Ao tomar posição feroz contra a CPI do Apagão Aéreo na Comissão de Constituição e Justiça da Câmara, o governo, pelos deputados das siglas que o apóiam, havia vestido a carapuça. Até então, os usuários do sistema de transportes aéreos, que não funciona ou funciona mal, reclamavam das companhias, dos aeroportos, dos controladores de vôo ou quem se atravessasse à sua frente, depois de horas e até dias de verdadeiros martírios à espera de vôos. E principalmente da falta de informações. A não ser por burocráticas intervenções, o governo federal parecia por fora do problema. Ou interessado, mas não responsável ou culpado. Agora, com o requerimento dos partidos oposicionistas, pedindo uma comissão parlamentar de inquérito para o apagão aéreo, o governo assumiu a culpa, brigando até a baixaria para que o organismo investigatório não fosse instalado. Chegou a haver um sério bate-boca na CCJ, o presidente situacionista chamando os oposicionistas de histéricos e estes acusando o governo de impor uma ditadura.

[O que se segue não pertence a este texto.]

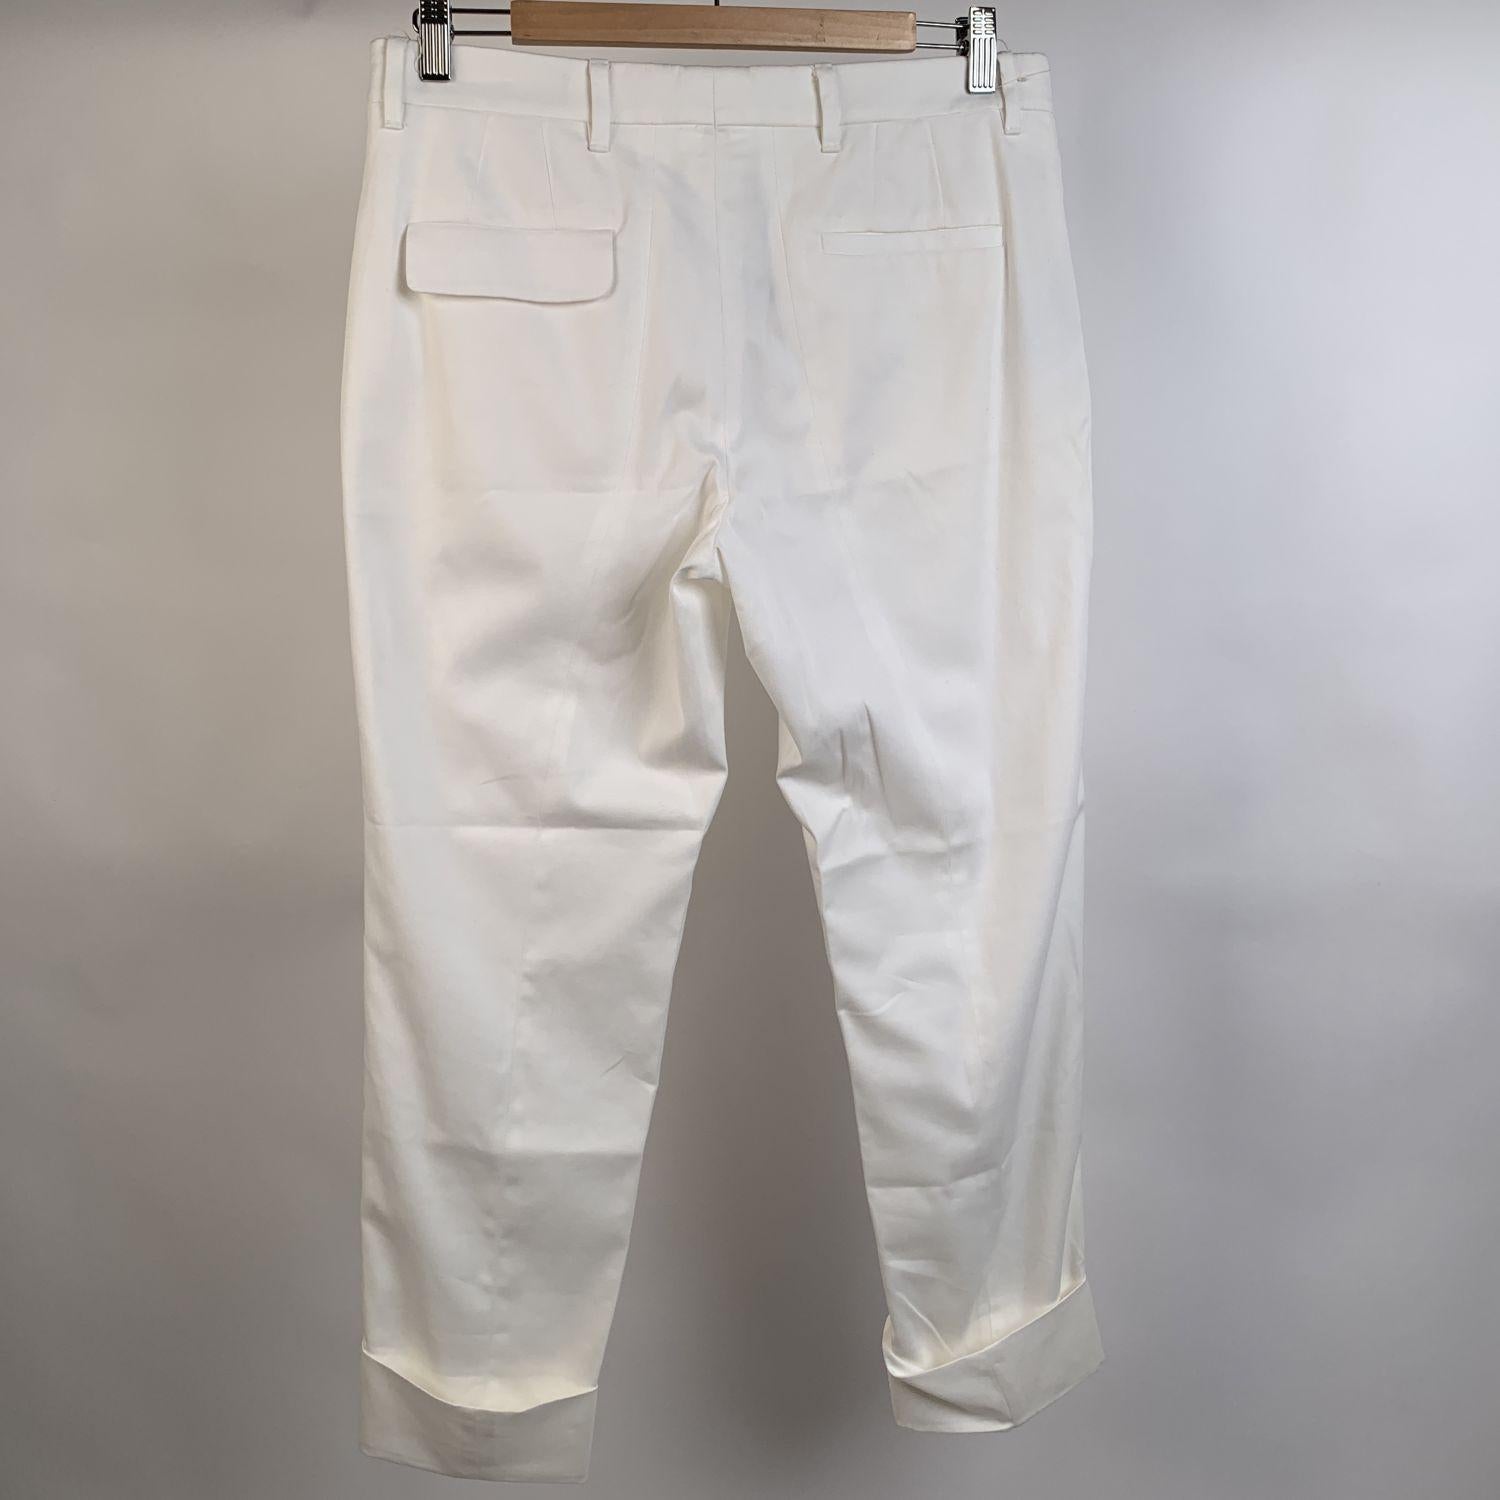 Gray Miu Miu White Stretch Cotton Trousers Pants Size 40
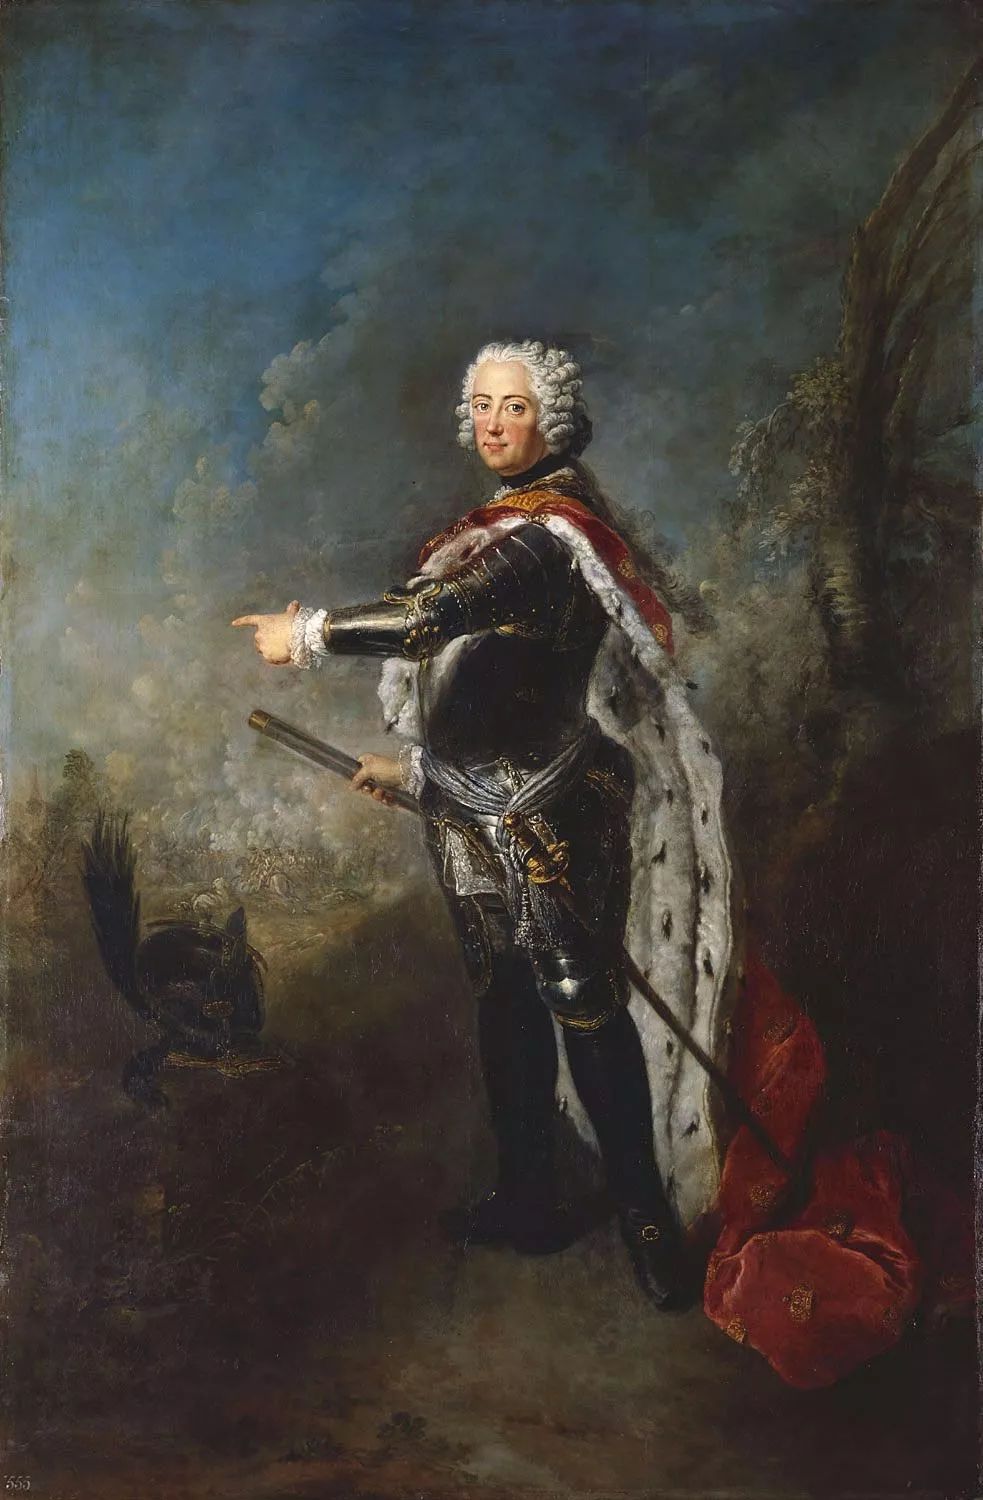 腓特烈大帝(腓特烈二世)于1740年继承王位,当时神圣罗马帝国皇帝查理

O argumento expresso para negar a CPI é que ela não tem fim determinado, o que é obrigatório, segundo a Constituição. O argumento dos que querem a CPI é que, além das paralisações, atrasos e cancelamentos de vôos, fora outras falhas de difícil explicação, como quedas no sistema computadorizado do controle de vôos, falta de energia elétrica, epidemia de esgotamento físico e psicológico nos controladores de vôos e o maior desastre aéreo já havido no País, o do avião da Gol, há também a acusação do Tribunal de Contas da União de que existem muitas e graves irregularidades nos contratos do governo para construir ou aparelhar aeroportos e o sistema.
Há um certo preciosismo na distinção entre o que seja ou não assunto determinado, pois nos parece que tanto o chamado apagão aéreo, quanto eventuais negociatas no sistema de transportes da aviação civil têm a mesma obscuridade e se fundem no desatendimento dos interesses da população. Tal acontece seja pelo desvio ou má aplicação dos recursos públicos, como pelo esburacamento das vias aéreas. Mas os situacionistas não só enfiaram a carapuça na cabeça do governo, como a enterraram até o fundo. Por 308 votos contra e 141 a favor, com duas abstenções, o plenário da Câmara aprovou recurso do PT suspendendo a instalação da CPI.
Apesar da vitória situacionista, se é que isso pode ser chamado de vitória, a oposição já avisou que espera instalar a CPI de qualquer maneira. A estratégia é buscar reverter o resultado da Câmara no Supremo Tribunal Federal, onde a oposição ajuizou um mandado de segurança. O relatório contra a CPI foi do deputado Colbert Martins, do PMDB da Bahia, que diz não ter visto ?fato determinado?. Já o ministro Walfrido dos Mares Guia disse que ?não temos apagão aéreo. Todas as informações foram prestadas e estão disponíveis?. Se é assim, por que o povo reclama da falta de informações?
A vitória duvidosa do governo pode, de alguma forma, colaborar para mais tumultos nos aeroportos e oxalá não produza mais algum desastre aéreo. Mas causa uma queda no prestígio do governo que muito bem poderia ter sido preservado. Ninguém melhor que a administração Lula deveria estar interessado na CPI, pois é certo que os problemas que atingem o nosso sistema de transportes aéreos não são deste governo, mas vêm da incúria de muitos governos. E o povo e os usuários aplaudiriam uma administração que aceitasse uma investigação a fundo do problema. E ainda fizesse alguma coisa para solucioná-lo.